Reuling v Consolidated Edison Co. of N.Y., Inc. |
2015 NY Slip Op 04783 |
Decided on June 9, 2015 |
Appellate Division, First Department |
Published by New York State Law Reporting Bureau pursuant to Judiciary Law § 431. |
This opinion is uncorrected and subject to revision before publication in the Official Reports. |
Decided on June 9, 2015
Friedman, J.P., Acosta, Moskowitz, Richter, Feinman, JJ.
15363N 117414/08
v
Consolidated Edison Company of New York, Inc., et al., Defendants. Consolidated Edison Company of New York, Inc., Third-Party Plaintiff, Tully Construction Company, Third-Party Defendant-Respondent.
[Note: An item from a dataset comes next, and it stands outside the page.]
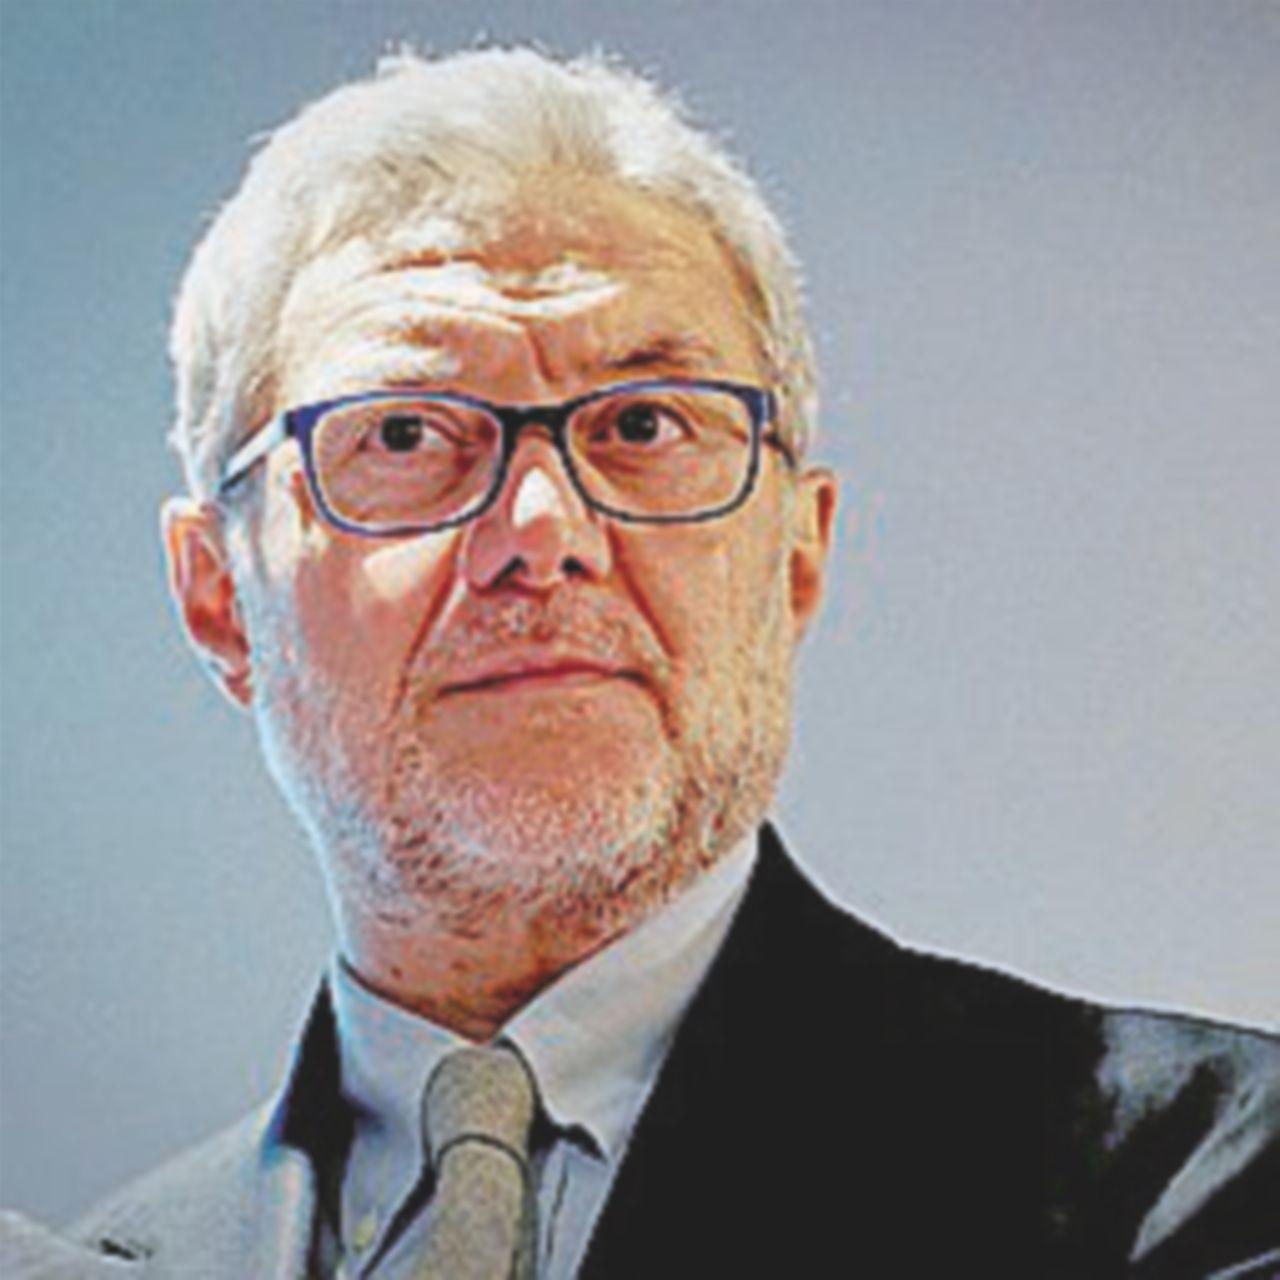 Orlando spinge con discrezione per il suo Melillo capo a Milano

The Flomenhaft Law Firm, PLLC, New York (Benedene Cannata of counsel), for appellant.
Cartafalsa, Slattery, Turpin & Lenoff, New York (Louis A. Carotenuto of counsel), for respondent.
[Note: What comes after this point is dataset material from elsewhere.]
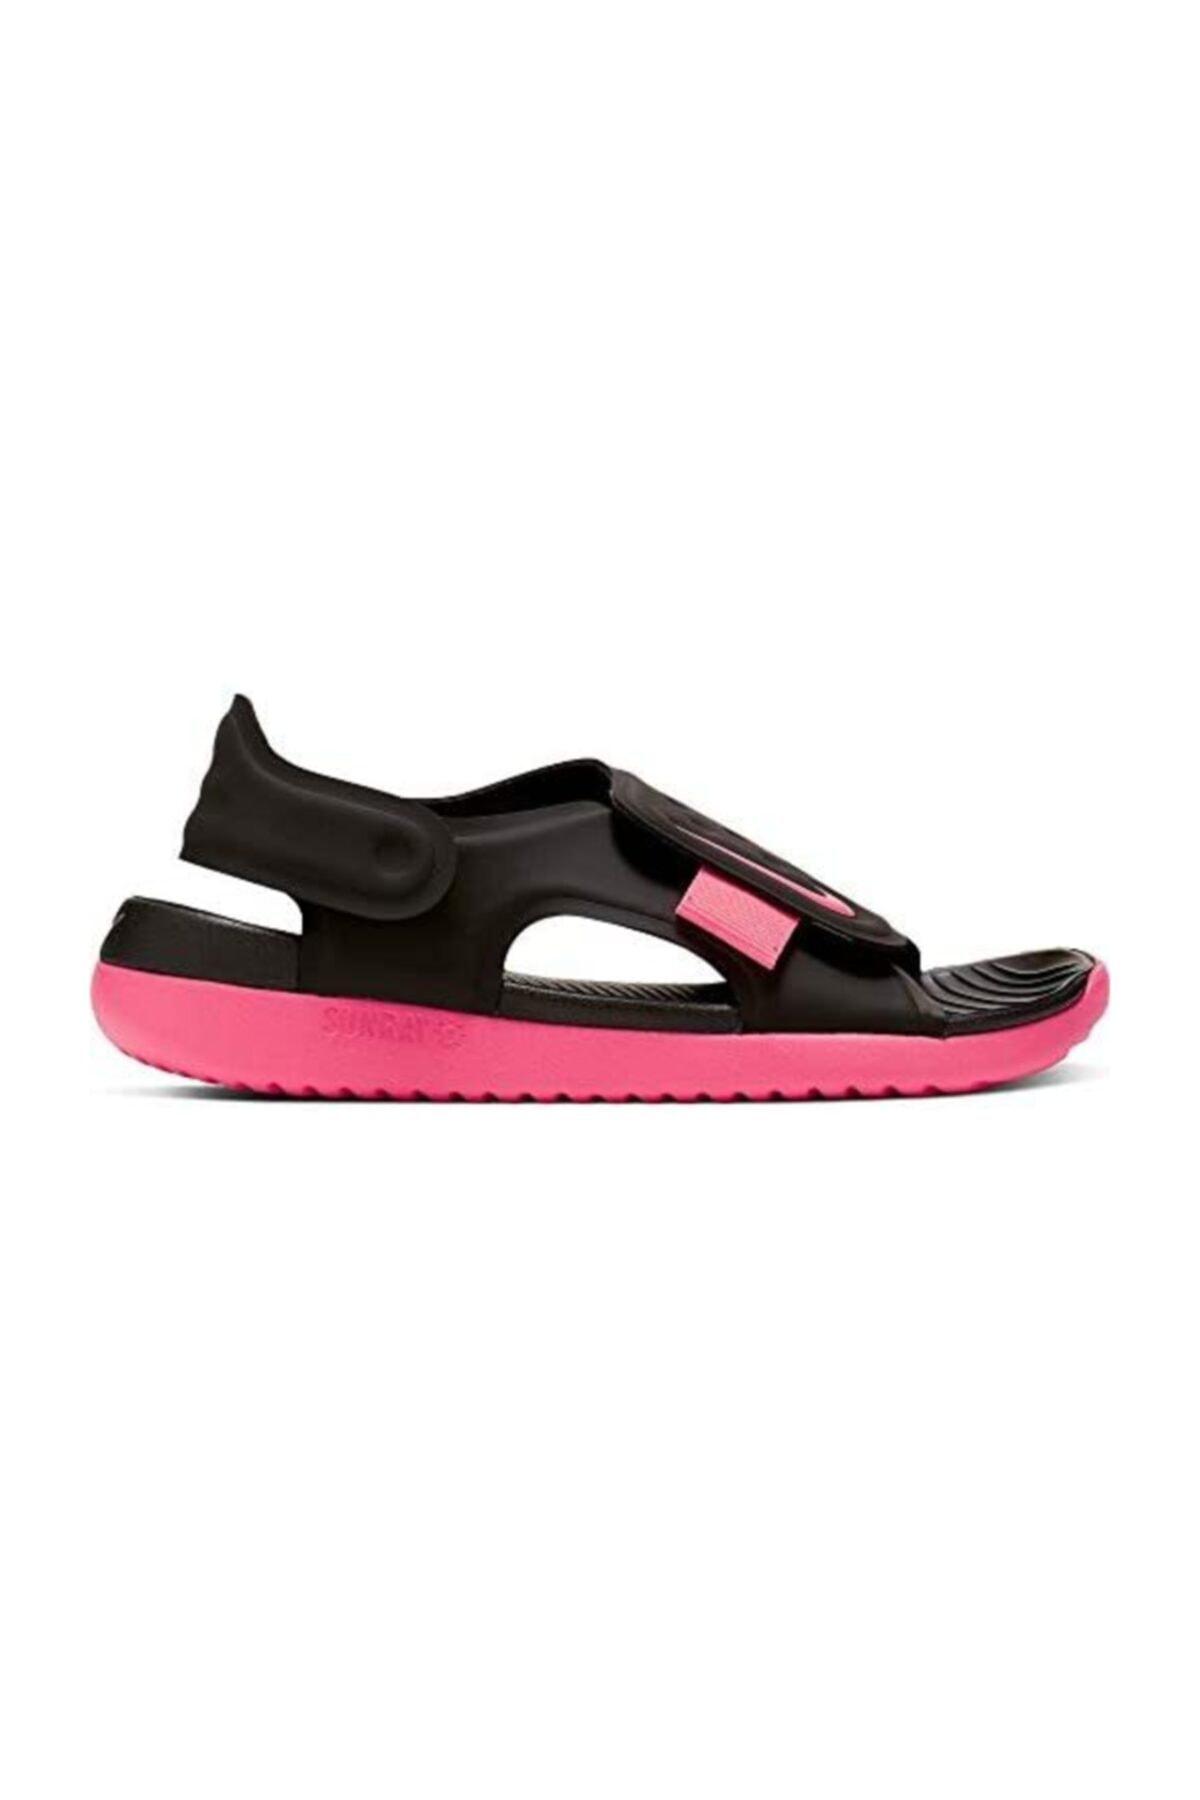 Nike Sunray Adjust 5 - Aj9076-002 Sandalet 1

Order, Supreme Court, New York County (Joan M. Kenney, J.), entered January 21, 2015, which, inter alia, denied plaintiff's motion for leave to supplement and amend her bill of particulars, unanimously affirmed, without costs.
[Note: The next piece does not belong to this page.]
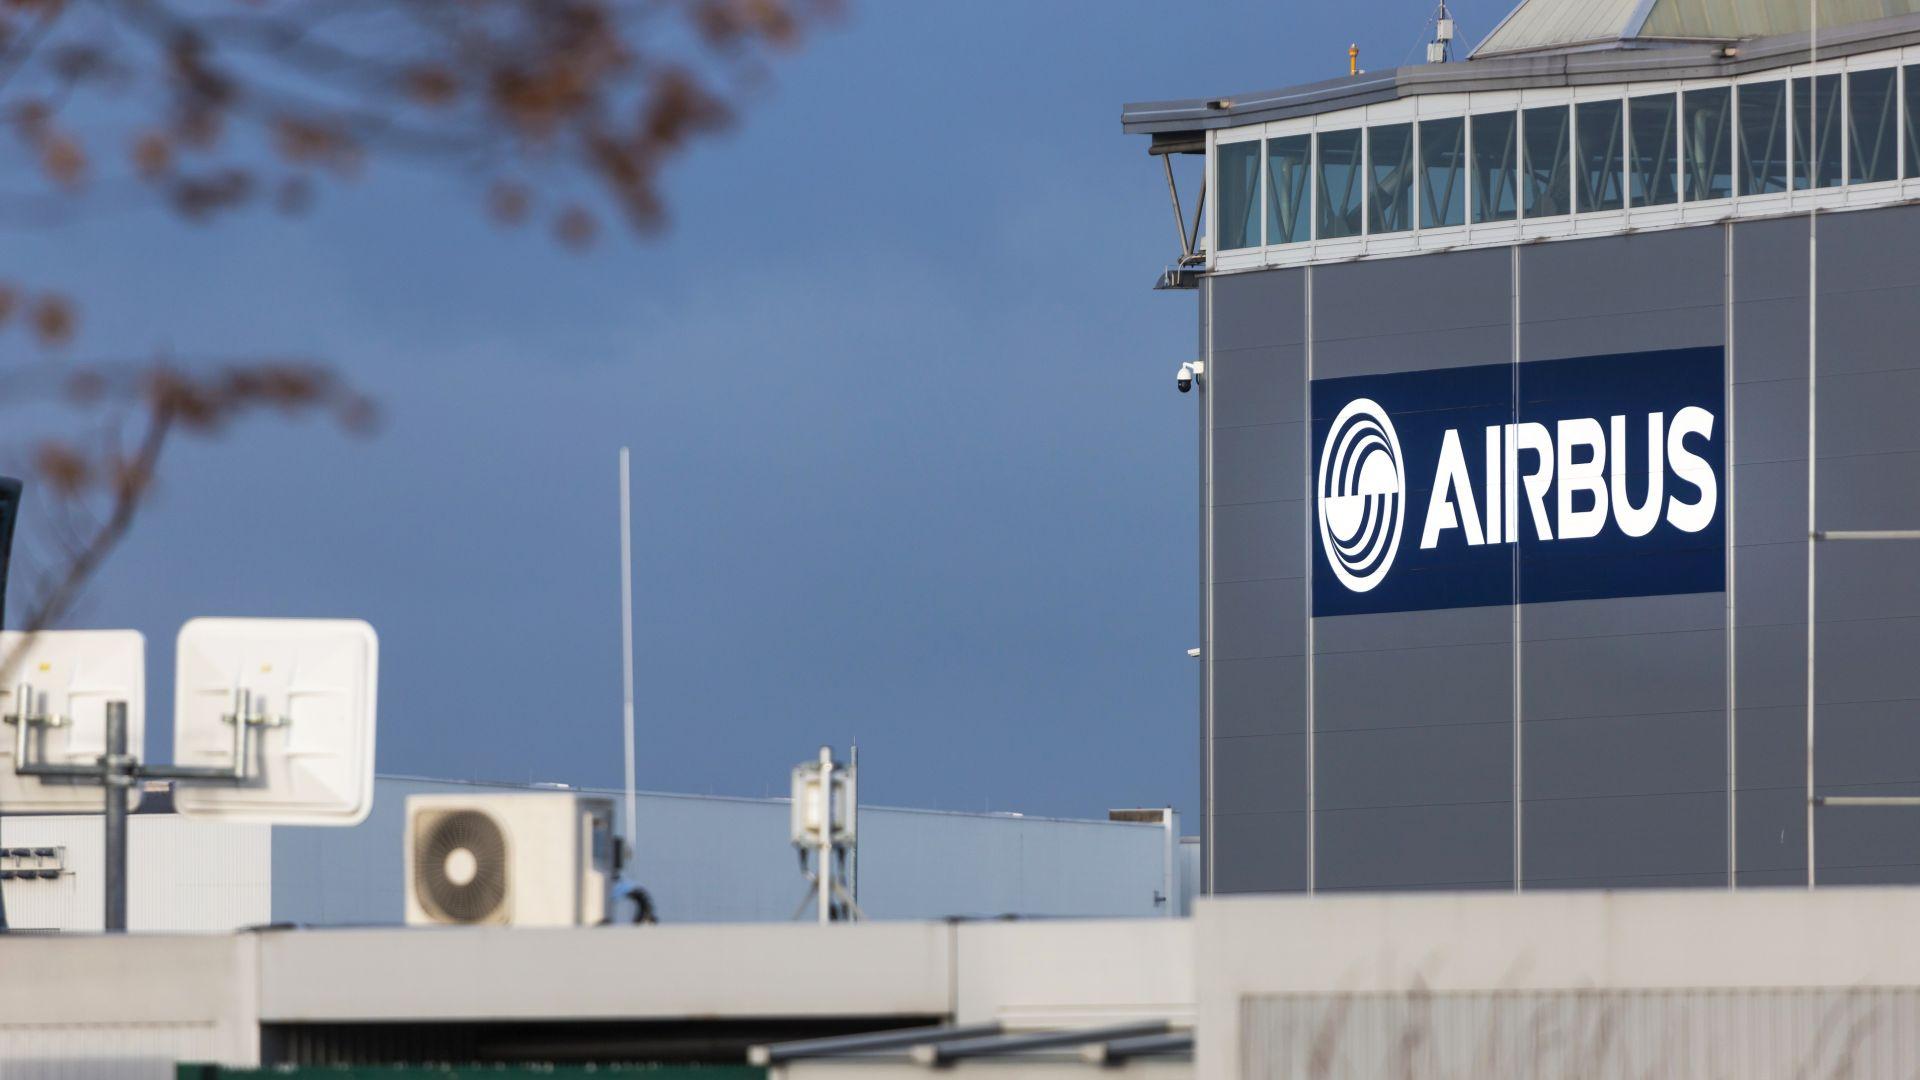 САЩ запазиха митото от 15% за самолетите на Еърбъс

The decision to permit an amendment to a pleading or bill of particulars, especially on the eve of trial, is committed to the sound discretion of the IAS court (Lissak v Cerabona, 10 AD3d 308 [1st Dept 2004]). Here, we find the IAS court did not abuse its discretion in denying plaintiff leave to amend to add claims of injuries to her other foot. While plaintiff was aware of the injury to her left foot for more than three years, she inexplicably delayed in seeking her expert's opinion on the issue of causation and then further delayed in filing the instant motion. We note that the evidence ultimately relied upon by plaintiff's expert was developed in 2009 (the [*2]MRI) and 2011 (Dr. Fishman's report), well before the plaintiff filed her note of issue in 2012. In short, the motion was untimely.
We have considered the remaining arguments and find them unavailing.
THIS CONSTITUTES THE DECISION AND ORDER
OF THE SUPREME COURT, APPELLATE DIVISION, FIRST DEPARTMENT.